Бизин нехотя поднялся, ощущая себя совсем по-стариковски, кряхтя, зашаркал в сенцы. Мимо, обдав его свежим запахом молока и хлеба, шагнула Анна, с крыльца закричала на гонявшихся с визгом по двору за курами Кешку и Вальку:
— Чо затеяли, негодники! Чур на вас!
В дверях появился Мишка, неся на вытянутых руках фырчащий самовар. Поставил у стенки на табуретку, вопрошающе глянул на Филиппа. Тот кивнул парню, делая пригласительный жест к столу. Мишка заулыбался, обнажив изрядно попорченные зубы, загремел табуреткой, усаживаясь. Катерину видно не было, в бане убиралась.
— Нюра, чево ты там? Давай, заждалися! — позвал Цупко, сворачивая в кулаке сургуч с бутылочного горлышка. Ловко выбил пробку и наклонил бутылку над стопками. Анна села напротив Мишки, по правую руку от Филиппа.

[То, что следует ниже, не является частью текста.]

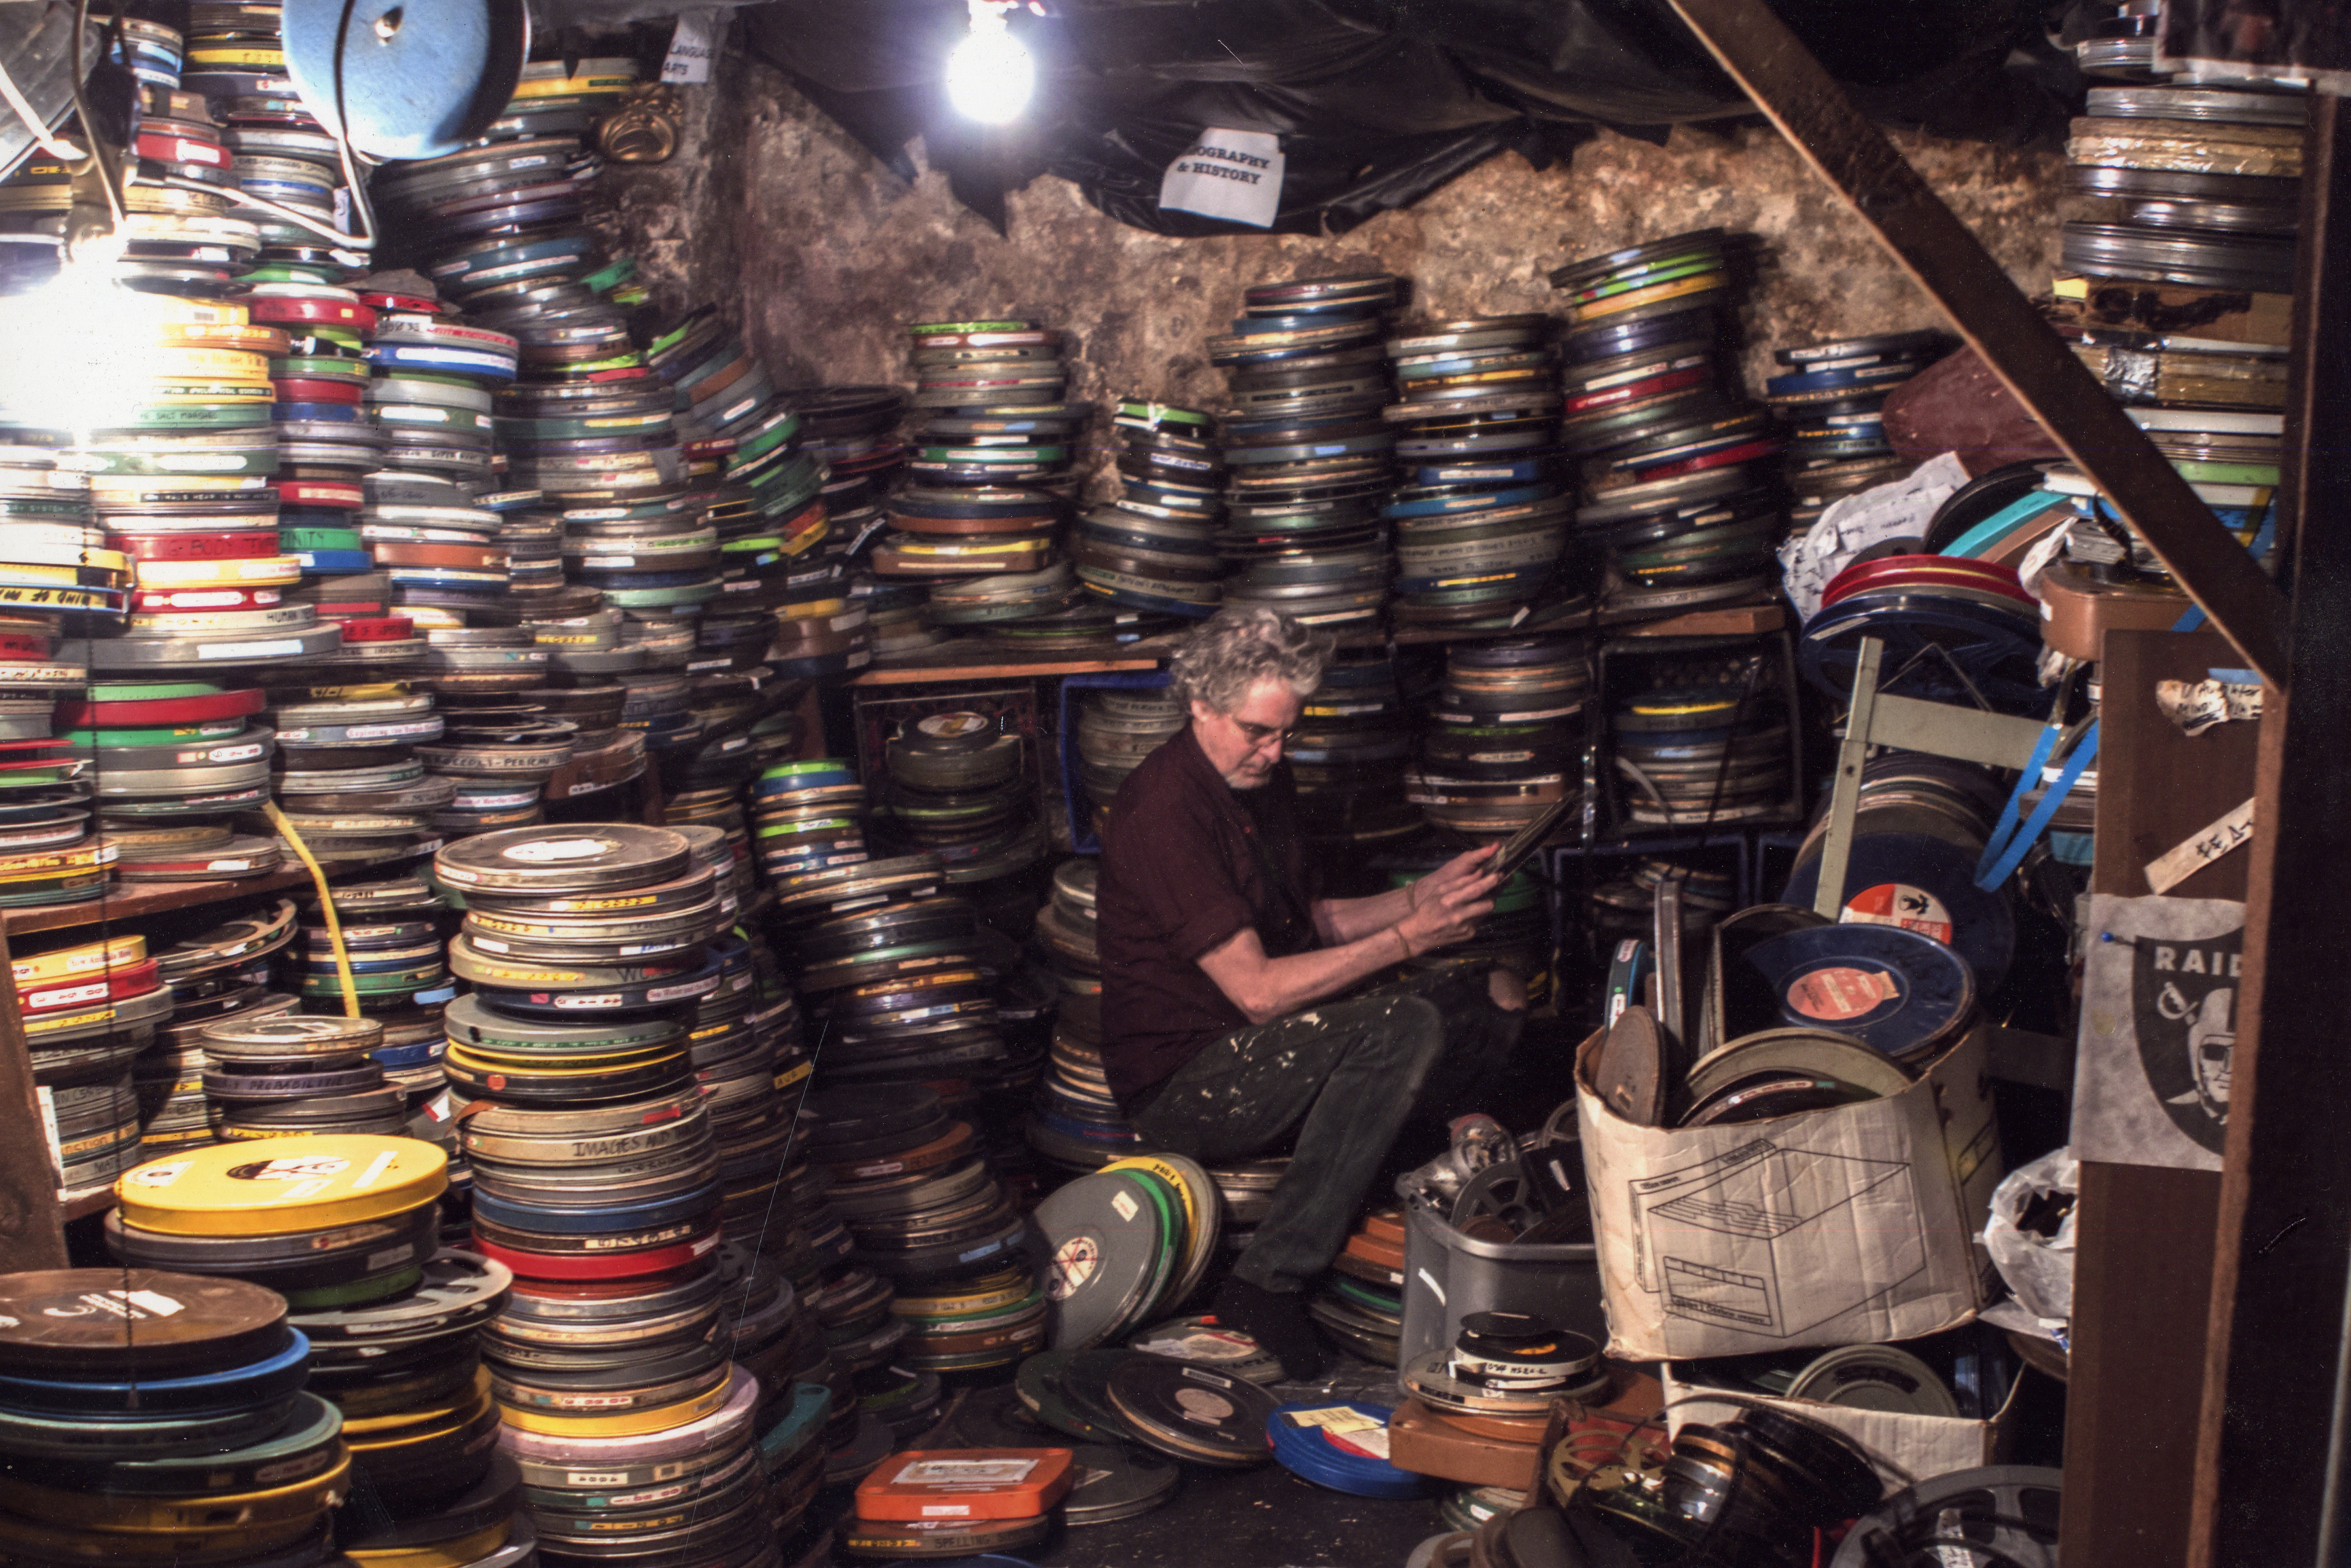 Experimental filmmaker Craig Baldwin surrounded by cans of film reels

— Но… Со свиданьицем! — Поднял он граненую рюмку, больше смахивающую на стакан, но все равно потерявшуюся в его лапе. — Эх-ма, душа, отступись!
Ткнул рюмкой в рюмку, отчего у Алексея Андреевича немного сплеснулось на столешницу, хекнул и, задрав голову со спутанной седой и неопрятной бородою, вылил водку в черный распяленный рот.
— Ух-ха, пошла, родимая! Чо задержался-то, Андреич! Силески — богу бурятскому, самбайну, язви его!
Бизин выпил. Водка огненно разлилась в груди, запекло в горле. Поперхнувшись, потянулся за малосольным огурчиком с желтеющей спинкой, захрустел, выдыхая сивушный смрад.
— Энто, Андреич, первая колом, — усмехаясь, снова наполнил рюмки Филипп, — зато втора точно соколом проскочит! Давай! Пока живы — не помрем, выпьем — и еще нальем!
Больше чокаться не стал, сразу потащил рюмку ко рту. Но выпить не успел, вздрогнул, как и все за столом, от взрыва остервенелого собачьего лая.
— Тьфу ты, аспиды чертовы! — Поднялся, вышел на крыльцо. И тут же выругался:
— Мать твою за ногу! Принесла нелегкая, кость им в горло!
Анна выскочила следом. Через мгновение вновь показалась в дверном проеме, прислонилась к косяку с побелевшим лицом. Встревоженному, выбирающемуся из-за стола Алексею Андреевичу одними губами прошипела:
— Ну что, дождалися, ироды…
Бизин осторожно выглянул во двор и увидел, как в ворота, придерживаемые Филиппом, въезжают четверо конных, в милицейских фуражках. Один, плотный, с кирпичным широкоскулым лицом, перегнувшись, врезал нагайкой подскочившую ощерившуюся дворнягу Взвизгнув, она еще пуще залилась злобным лаем, но от всадника метнулась подальше.
— Цыть, холера!
У крыльца милиционеры спешились. Не обращая внимания на опасливо лающую издали дворнягу и рвущего цепь у сарая волкодава, намотали поводья на перильца.
— Хозяин! — громко позвал Филиппа, все еще вцепившегося в створку ворот, высокий, горбоносый, с начальственной повадкой. — Чего ты там прилип, ну-ка, топай сюда!
Цупко медленно поплелся к крыльцу, следом, вначале прячась за его спиной, прошмыгнули к матери притихшие ребятишки.
— Веселей ногами перебигай, когда тебя Гадаскин кличет! — рявкнул на Цупко горбоносый. Широко расставив ноги и покачиваясь с пятки на носок, поигрывал зажатой в скрещенных за спиной руках нагайкой. Голос с гнусавинкой, картавый, с представительным обликом горбоносого совсем не вяжется.
«Гадаскин!» — встрепенулся Бизин, успевший в тюрьме многого наслушаться о начальнике Читинского городского уголовного розыска. Шустро вернулся за стол, смиренно присел, насторожив уши.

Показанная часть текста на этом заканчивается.